▶ **EXERCISE**
The answer is to be the lines below that lie between the line holding "Nokia Android 10 update schedule" and the line holding "Re_Branded - Maglieria-Pullover", inclusive, transcribed exactly and free of pictures.

▶ **GIVEN RECORDS**
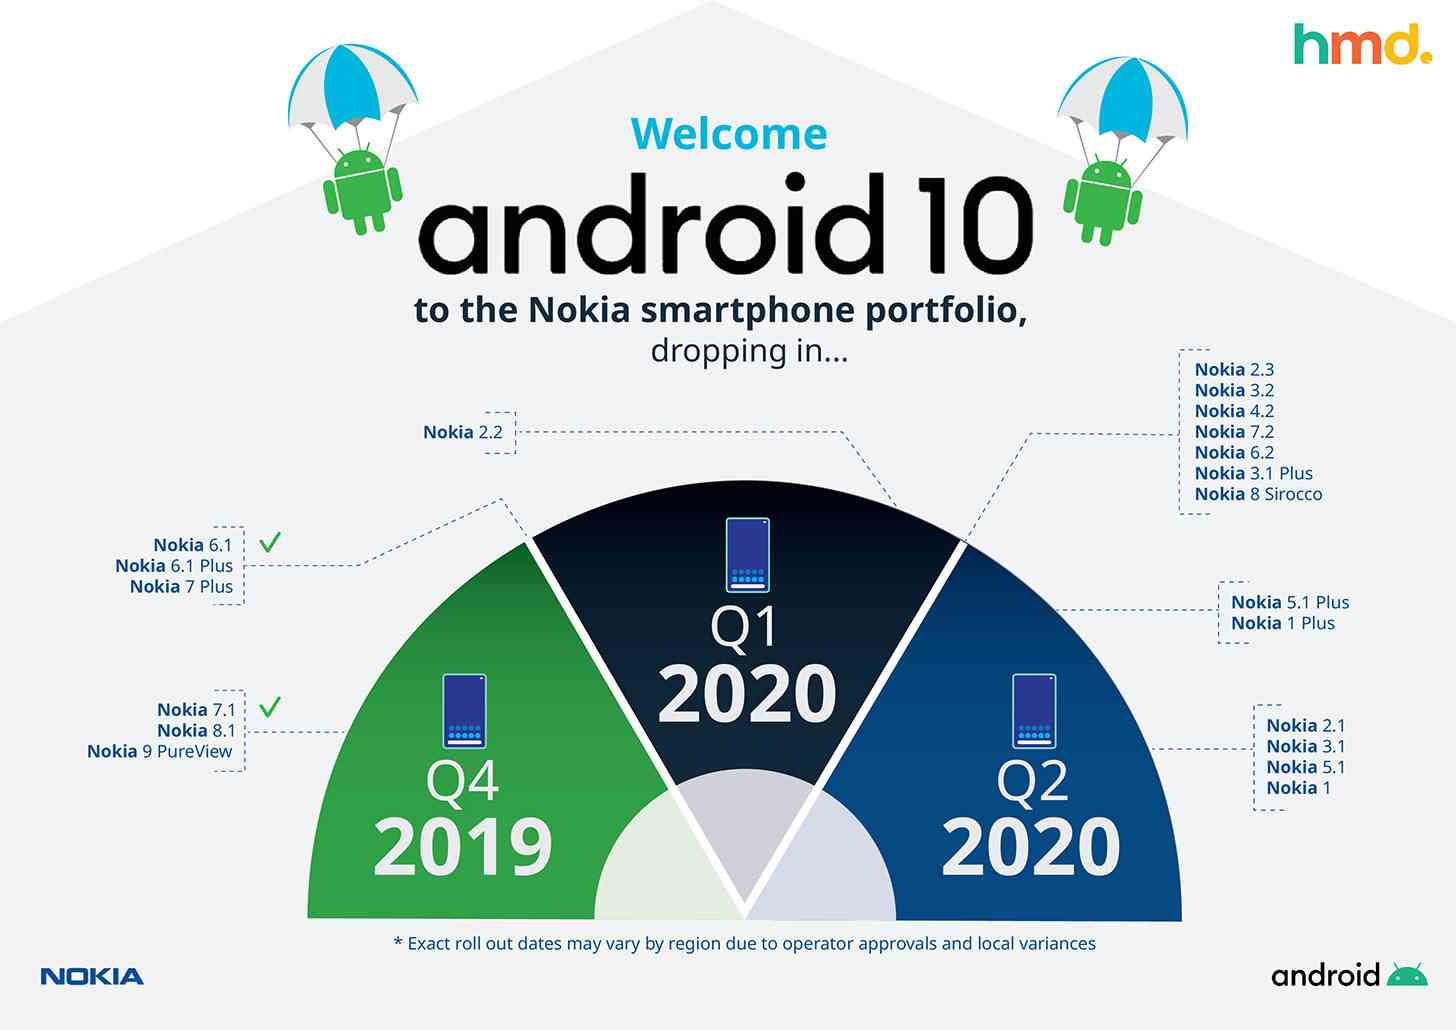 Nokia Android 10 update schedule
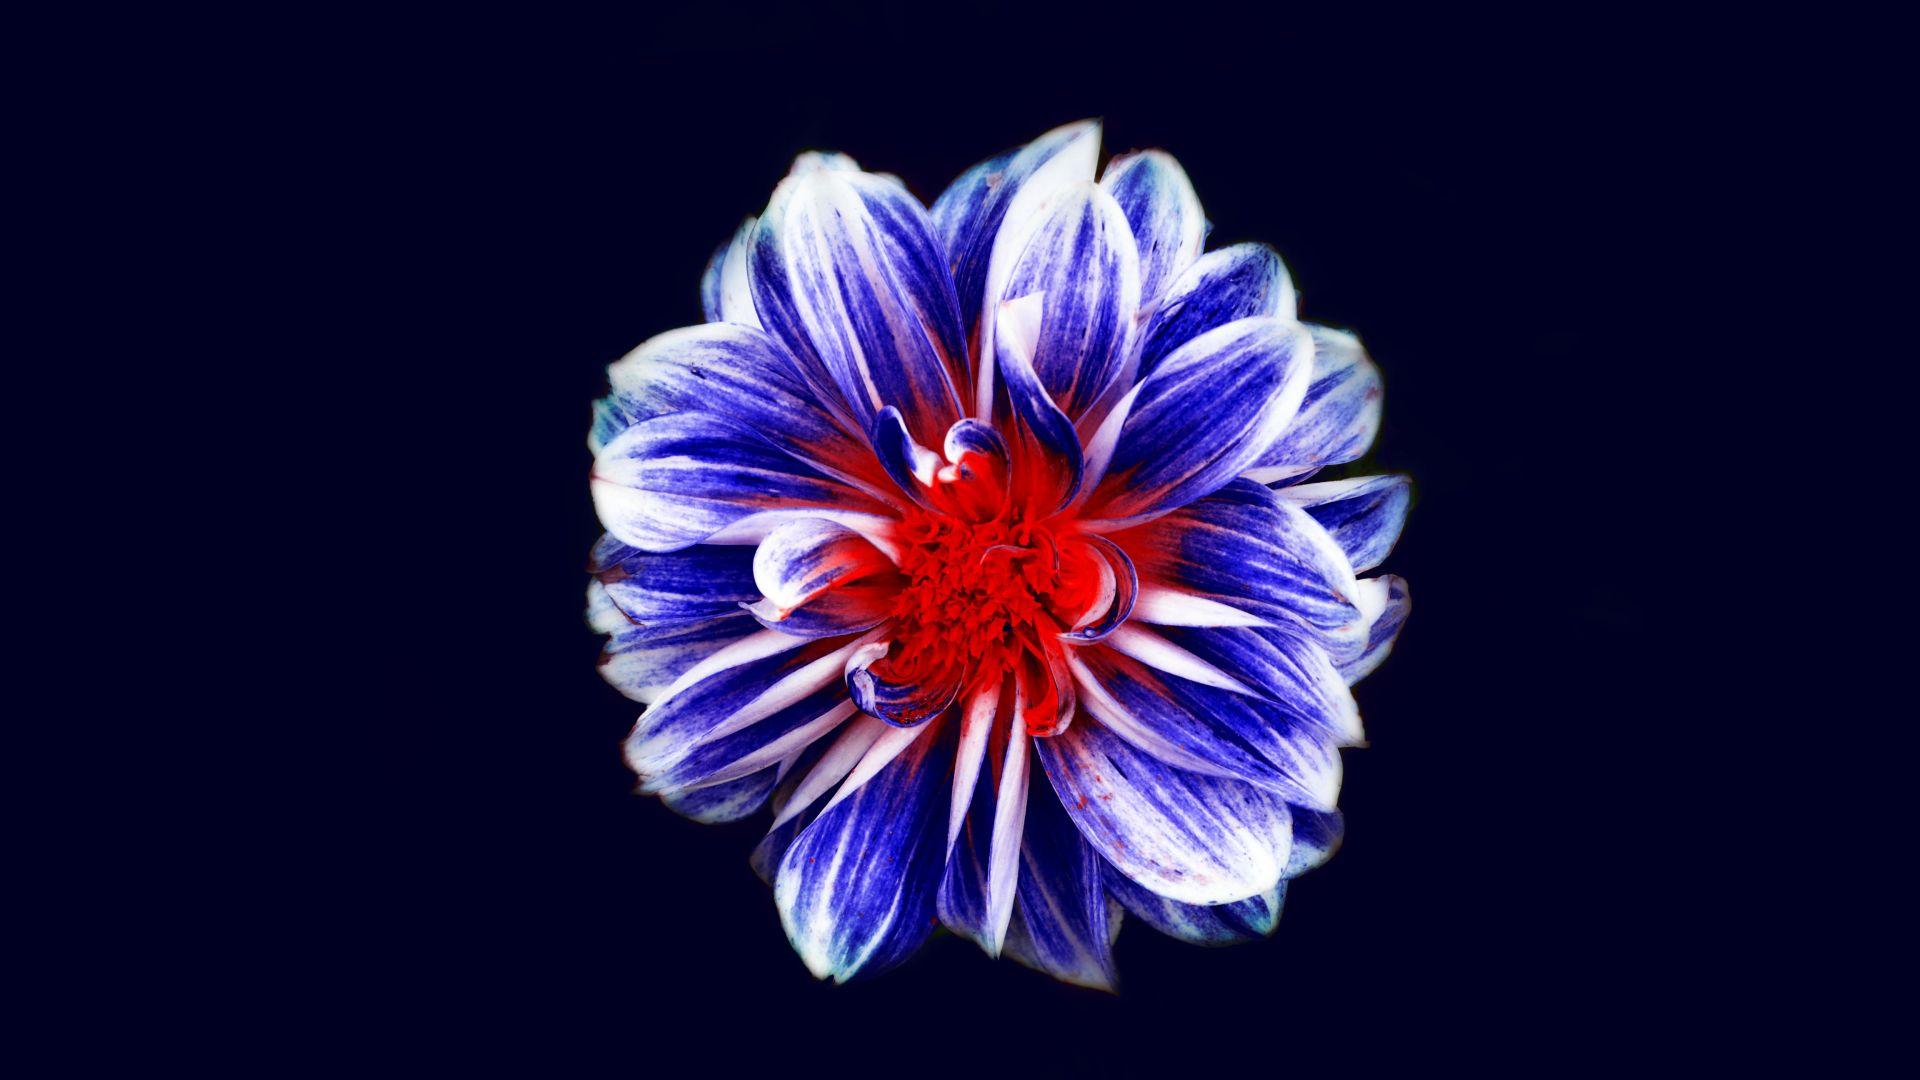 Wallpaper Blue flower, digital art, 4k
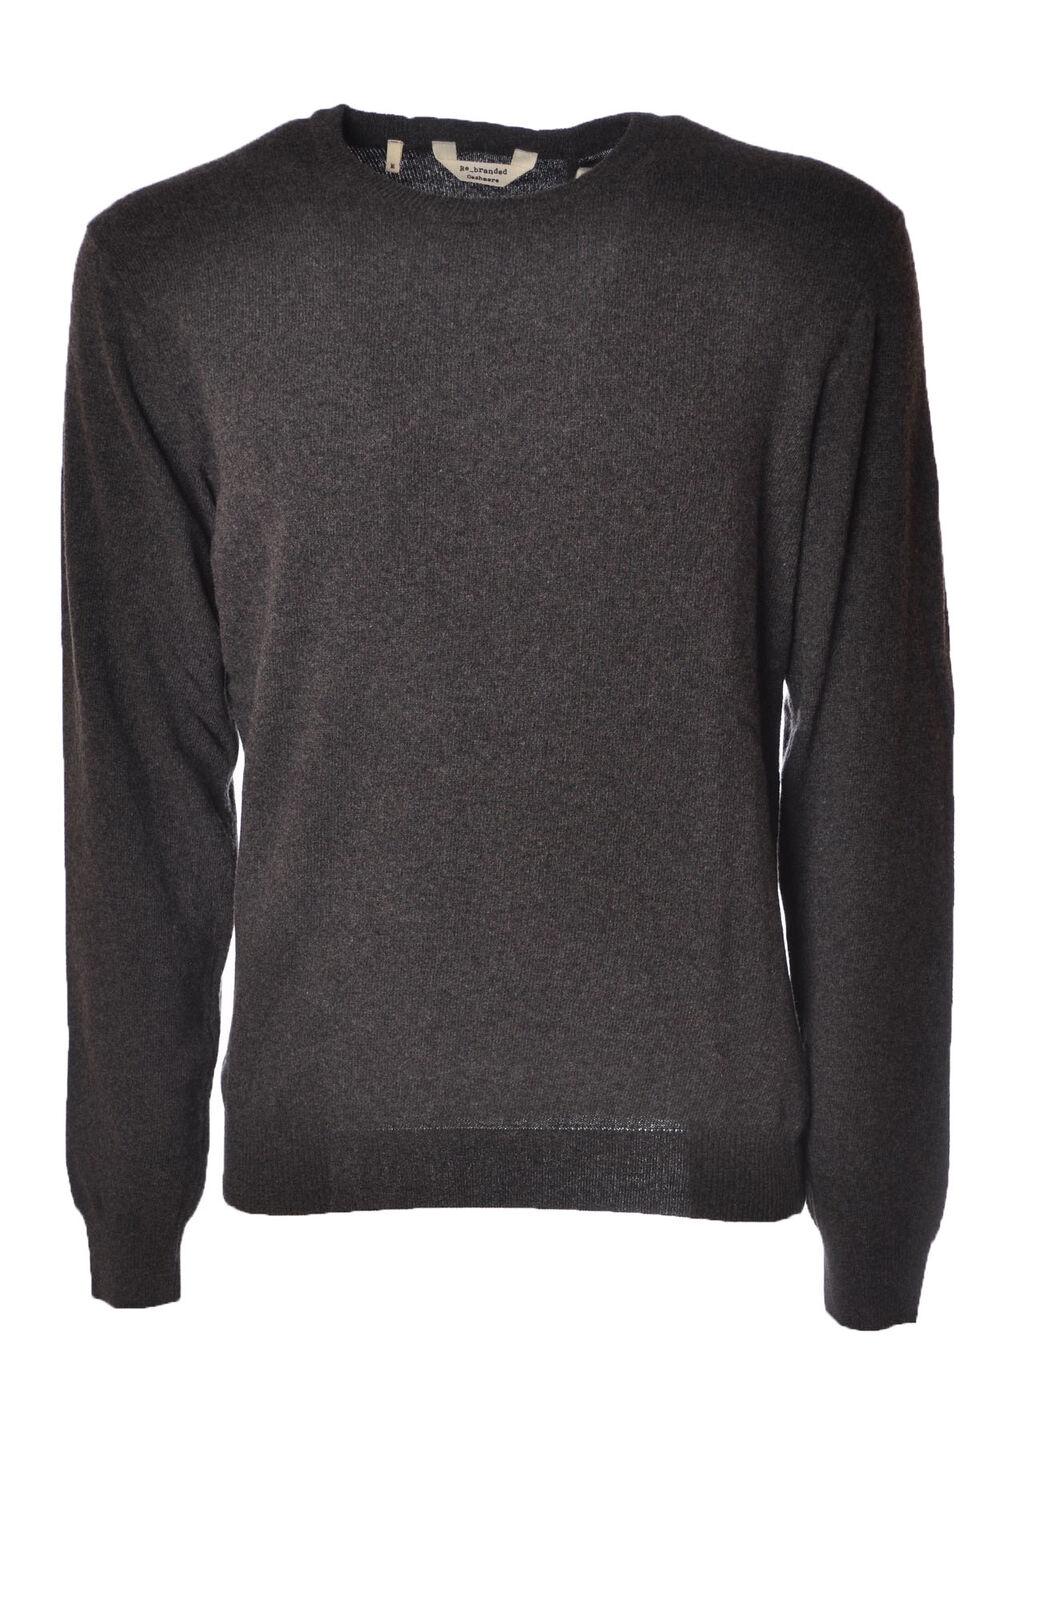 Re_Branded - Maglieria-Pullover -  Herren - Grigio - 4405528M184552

---

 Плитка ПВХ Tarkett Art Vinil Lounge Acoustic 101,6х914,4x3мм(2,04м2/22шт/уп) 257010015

---

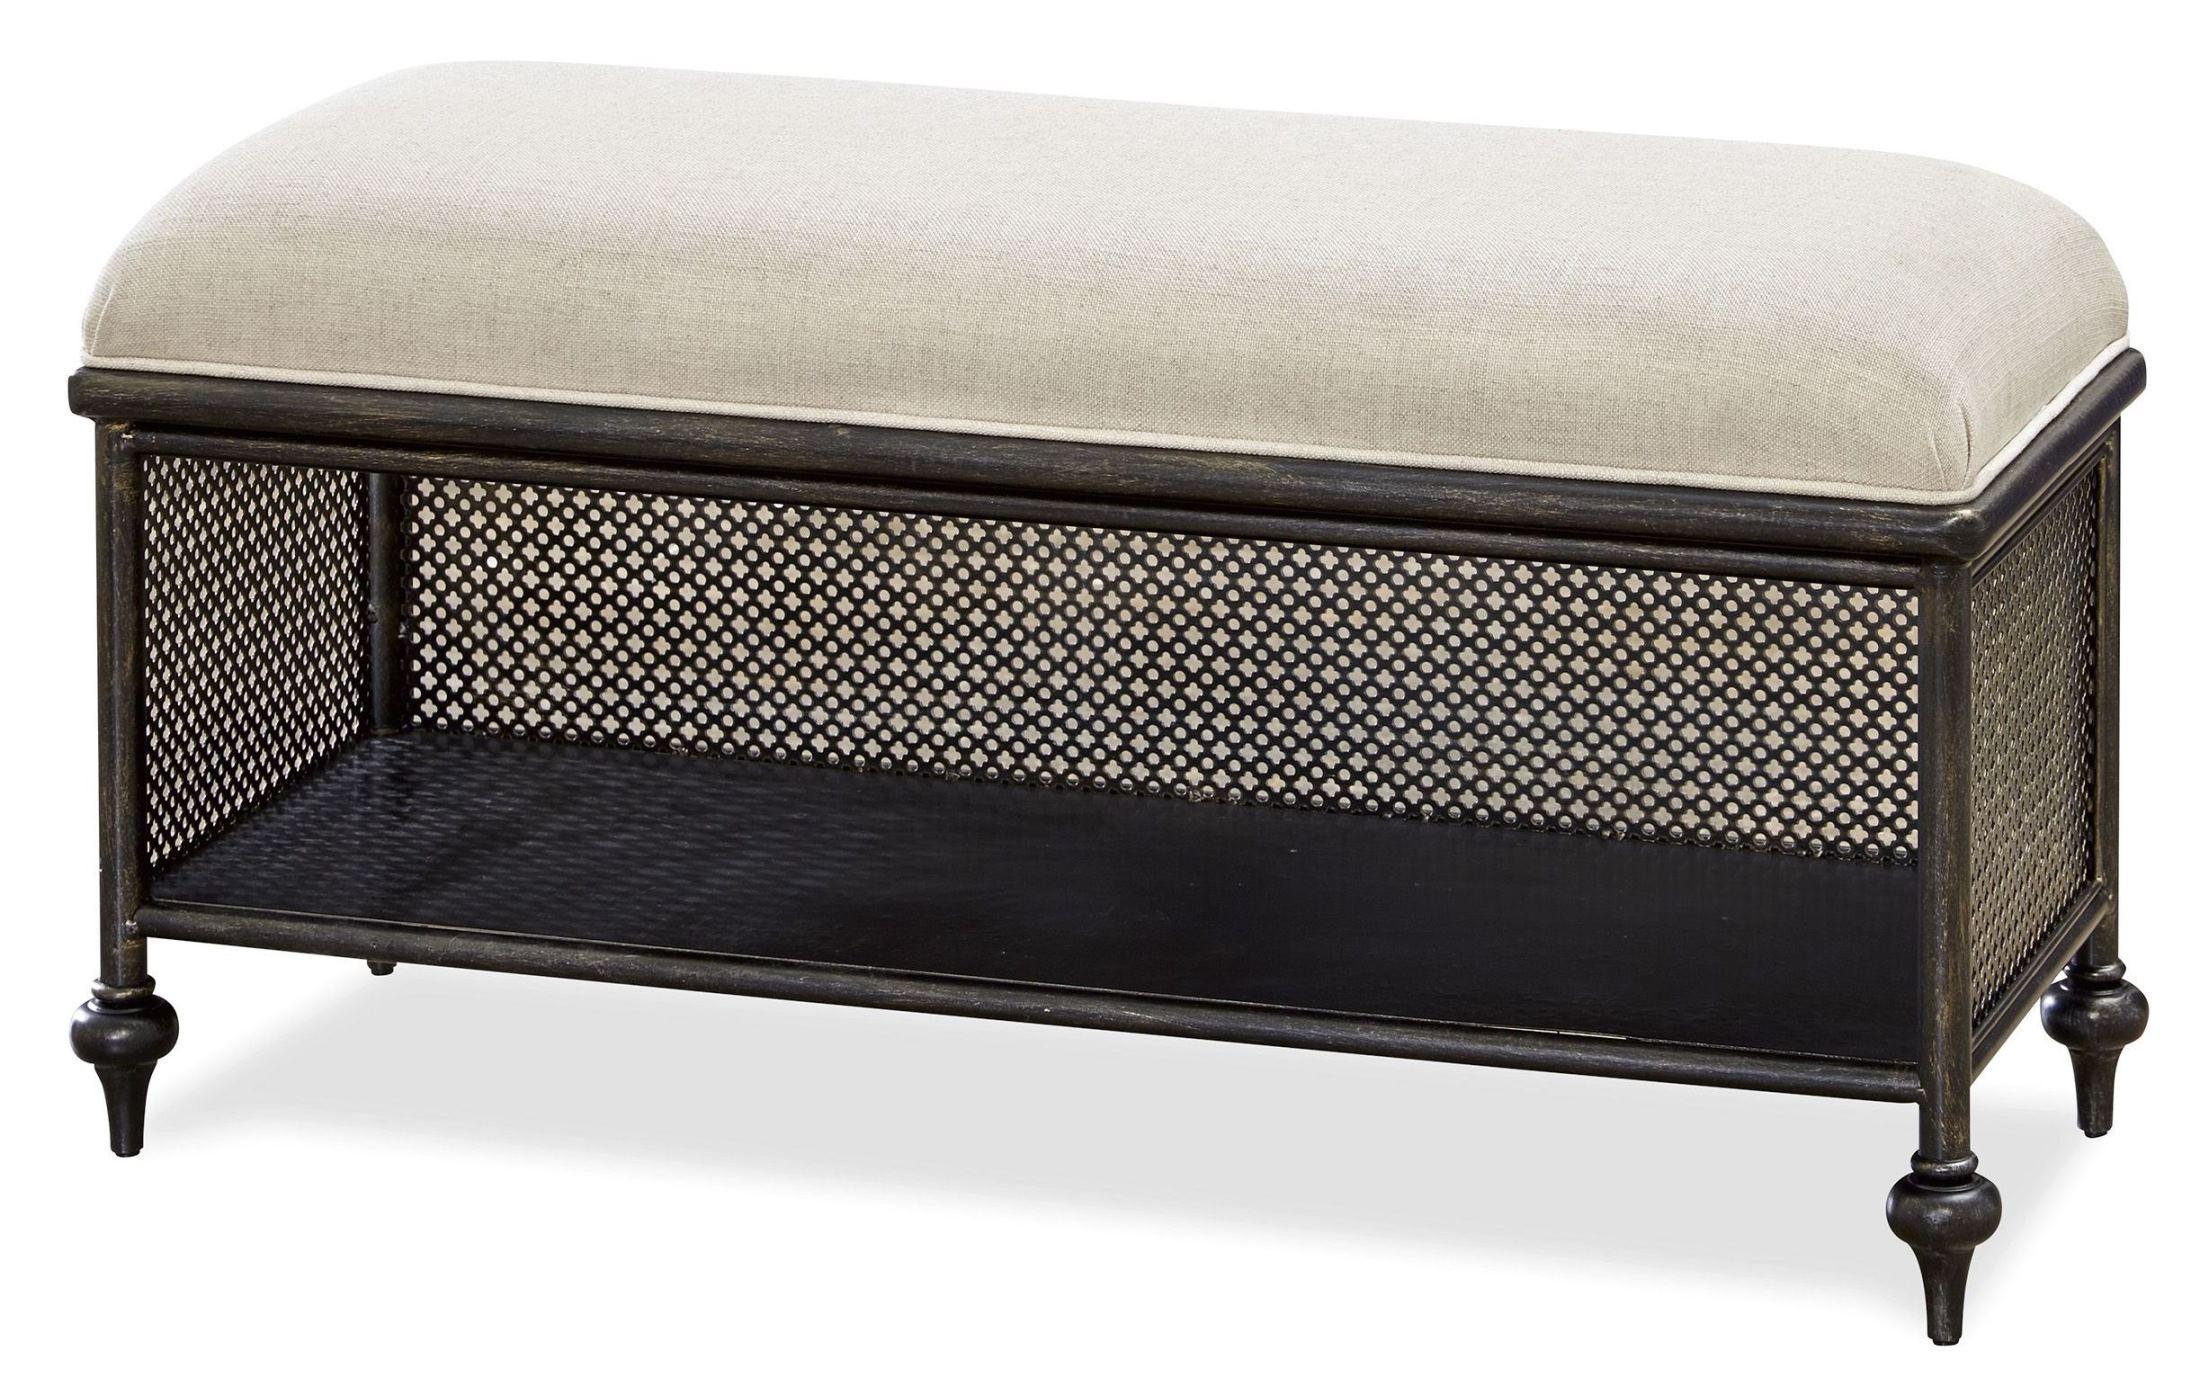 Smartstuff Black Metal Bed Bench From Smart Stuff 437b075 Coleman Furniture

▶ **WRITTEN REPLY**
 Nokia Android 10 update schedule
 Wallpaper Blue flower, digital art, 4k
 Re_Branded - Maglieria-Pullover -  Herren - Grigio - 4405528M184552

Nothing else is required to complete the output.